Although this moment inspired Dr. Kachorsky to study English at California State University, this was not the first time she followed her heart.
Dr. Kachorsky joined the Army Reserves and served for four years as a military police officer because she felt that she “needed some sort of structure in [her] life.”
Her time in the reserves was filled with positive memories, from playing games similar to cops and robbers during her advanced individual training to maneuvering various obstacle courses.
“Basic training was a blast, which is not something you are going to hear from a lot of people,” Dr. Kachorsky said.
Although she said the furthest she ever got for her deployment was Virginia for the Boy Scout Jamboree, she still learned many important lessons throughout her time in the Army. When talking about shooting and weaponry, Dr. Kachorsky said that “having that skill is something that I’m glad I know how to do because I have the respect now for firearms that I don’t think that everyone does.”
After her time in the reserves, Dr. Kachorsky became a qualitative research assistant and a Teacher of Record at Arizona State University in order to acquire a Ph.D. She received her Ph.D. in Learning Literacies and Technology in 2018.
Although she has completed enough research to earn her doctorate, Dr. Kachorsky still has some ongoing research projects.

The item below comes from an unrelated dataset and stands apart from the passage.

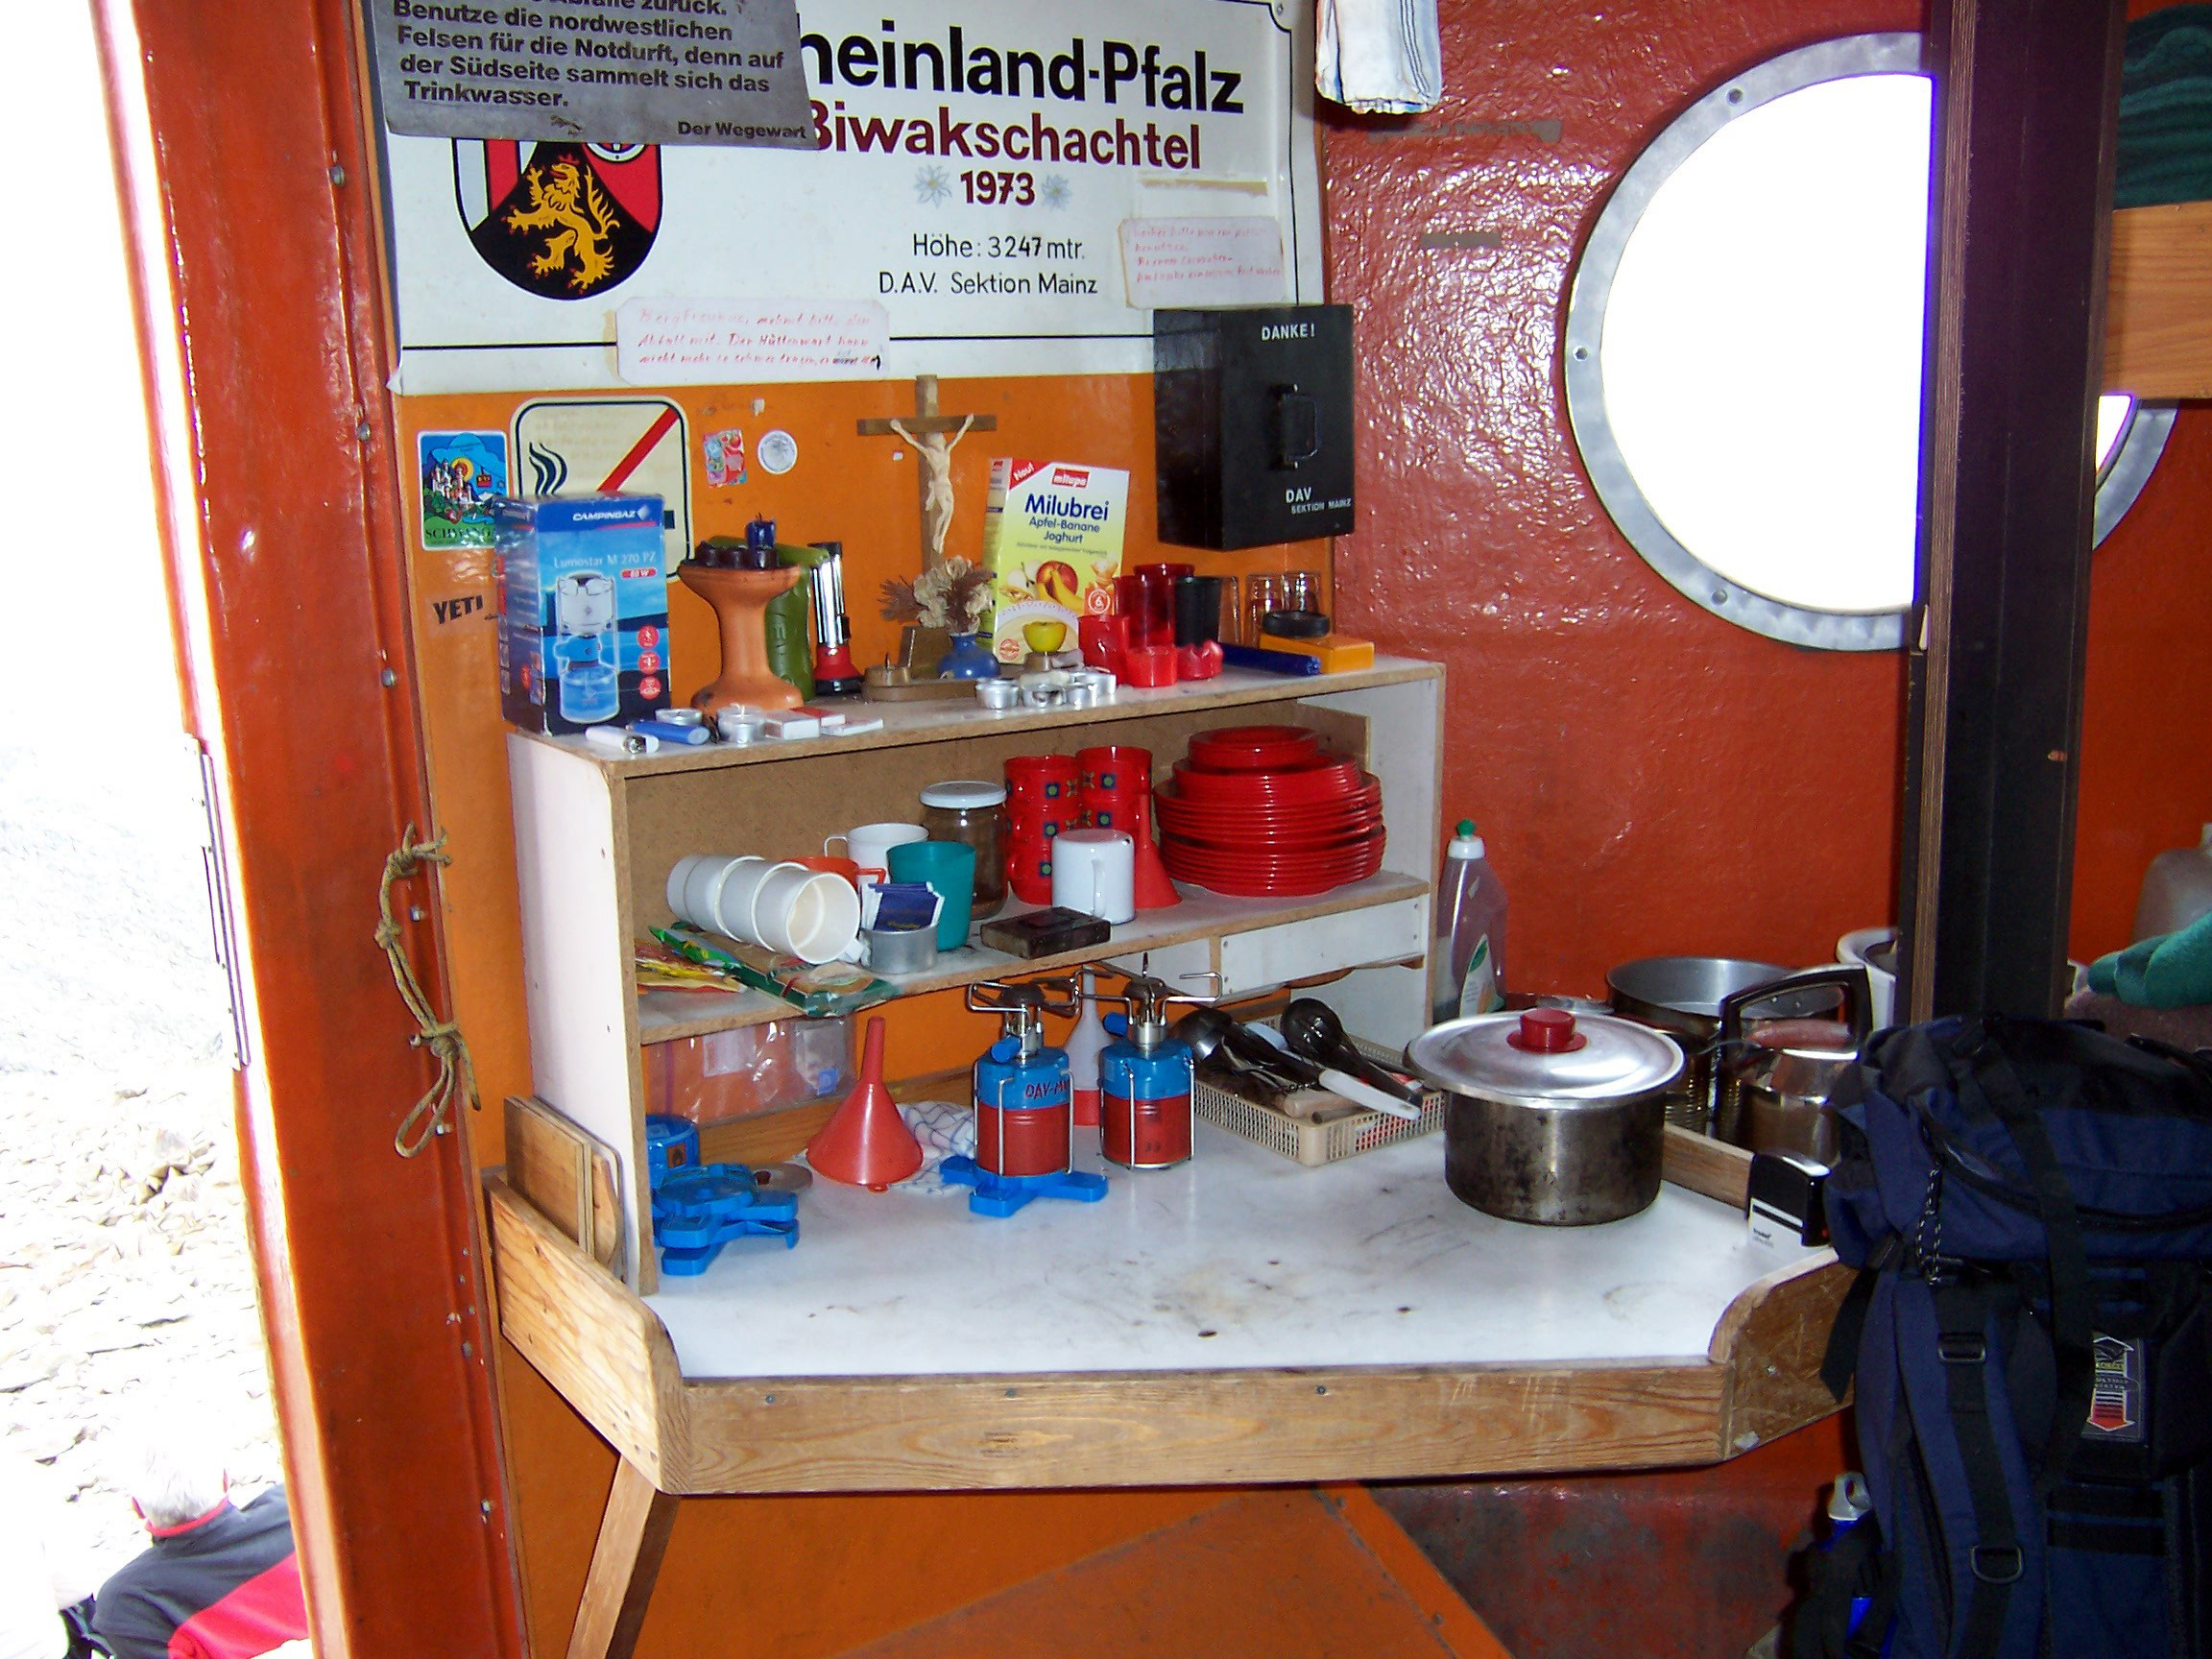 Http Www Rheinland Pfalz Blogger De Info Repair Cafe Trier Erfolg
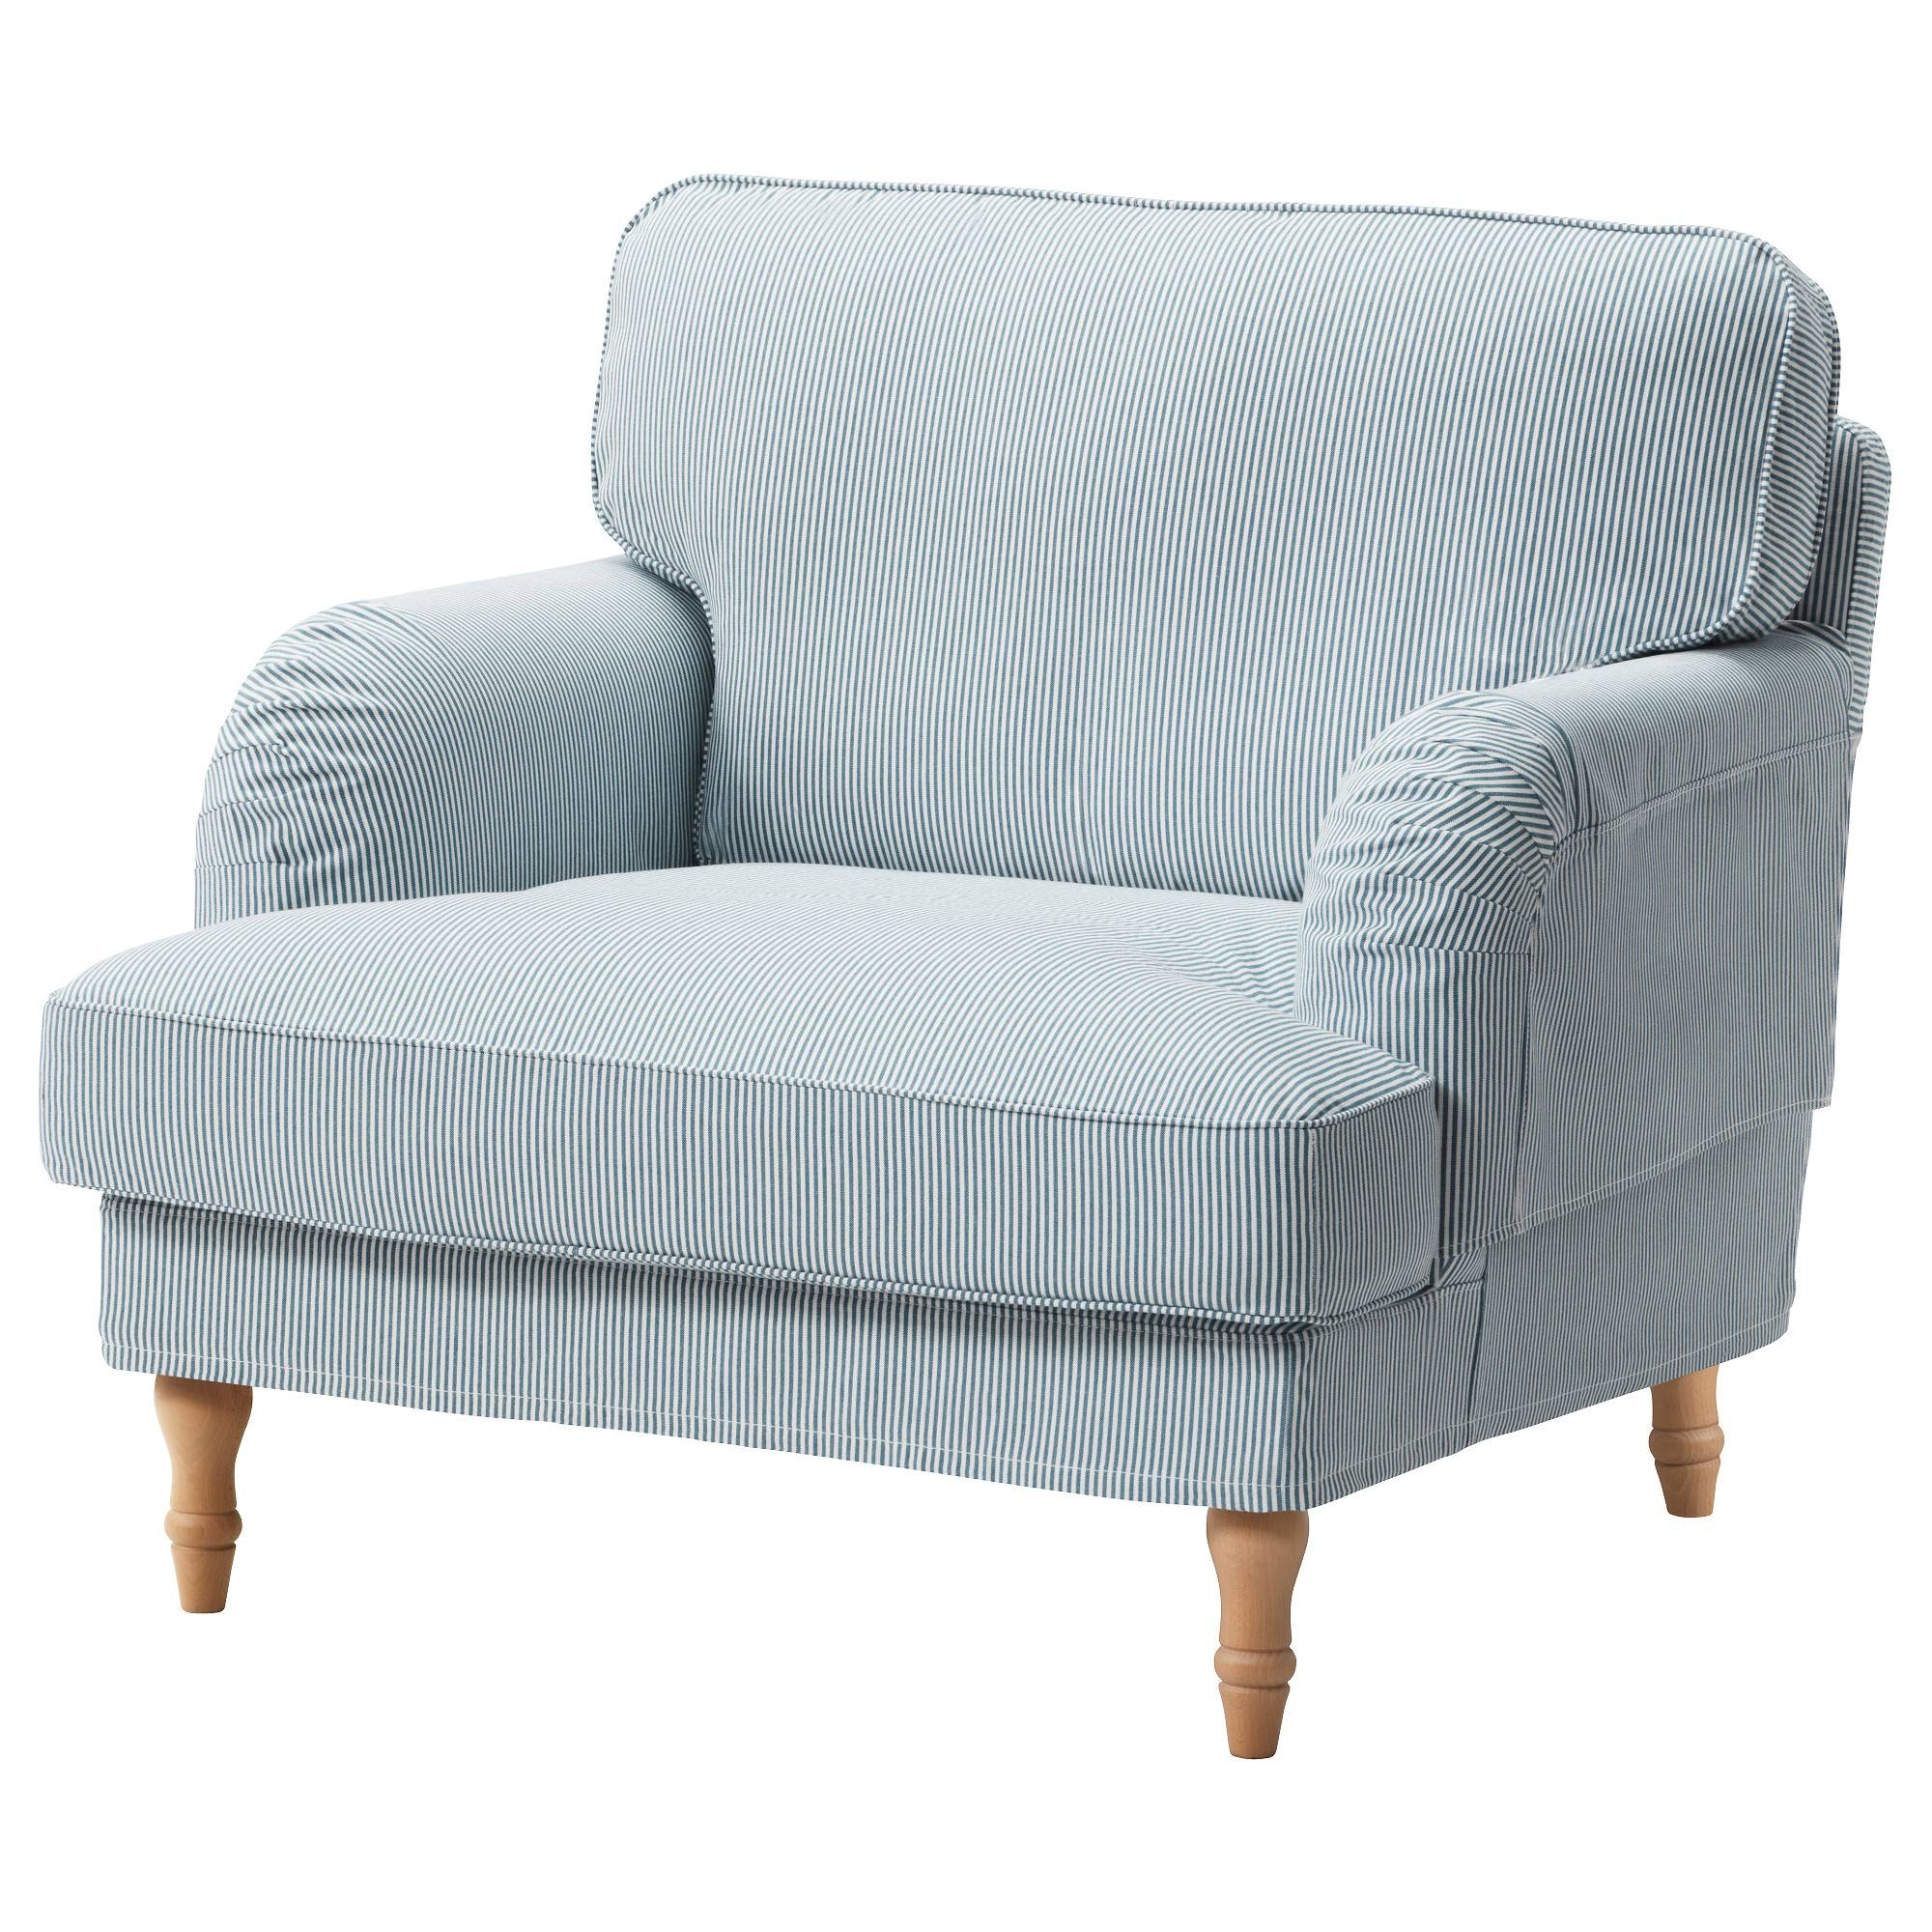 Stocksund Series - Ikea regarding Wide Sofa Chairs (Image 15 of 15)

These projects include looking at representations of math in graphic novels and how teachers can leverage that to teach math, analyzing audiobook adaptations of graphic novels which will be presented at a Literacy Research Association Conference and she is also involved in a study on representations of diverse individuals in picture books and how kids respond to diversity.
“A lot of the things that I do are based on research that I learned at ASU and research that I have done myself,” Dr. Kachorsky said.
She plans to continue her research as she teaches at Brophy. “I’d love to do projects with [students] and come up with our own ideas and see which practices work best,” Kachorsky said.
At ASU, Dr. Kachorsky taught Children’s Literature and Content Area Reading. Now, she teaches AP English Literature and Composition to seniors and English 2 to sophomores.
Even though her career path took multiple different trajectories, she says she is in the right place now. The biggest lesson that Dr. Kachorsky has learned throughout her life is that “if you just take things one day at a time, you can get through it.”
Outside of the classroom, Dr. Kachorsky enjoys trying new restaurants, playing Dungeons and Dragons and is overall a “huge nerd.”
Dr. Kachorsky said that teaching truly is one of her biggest passions. “That’s one of the things that when you become a researcher…you are pursuing your passion.”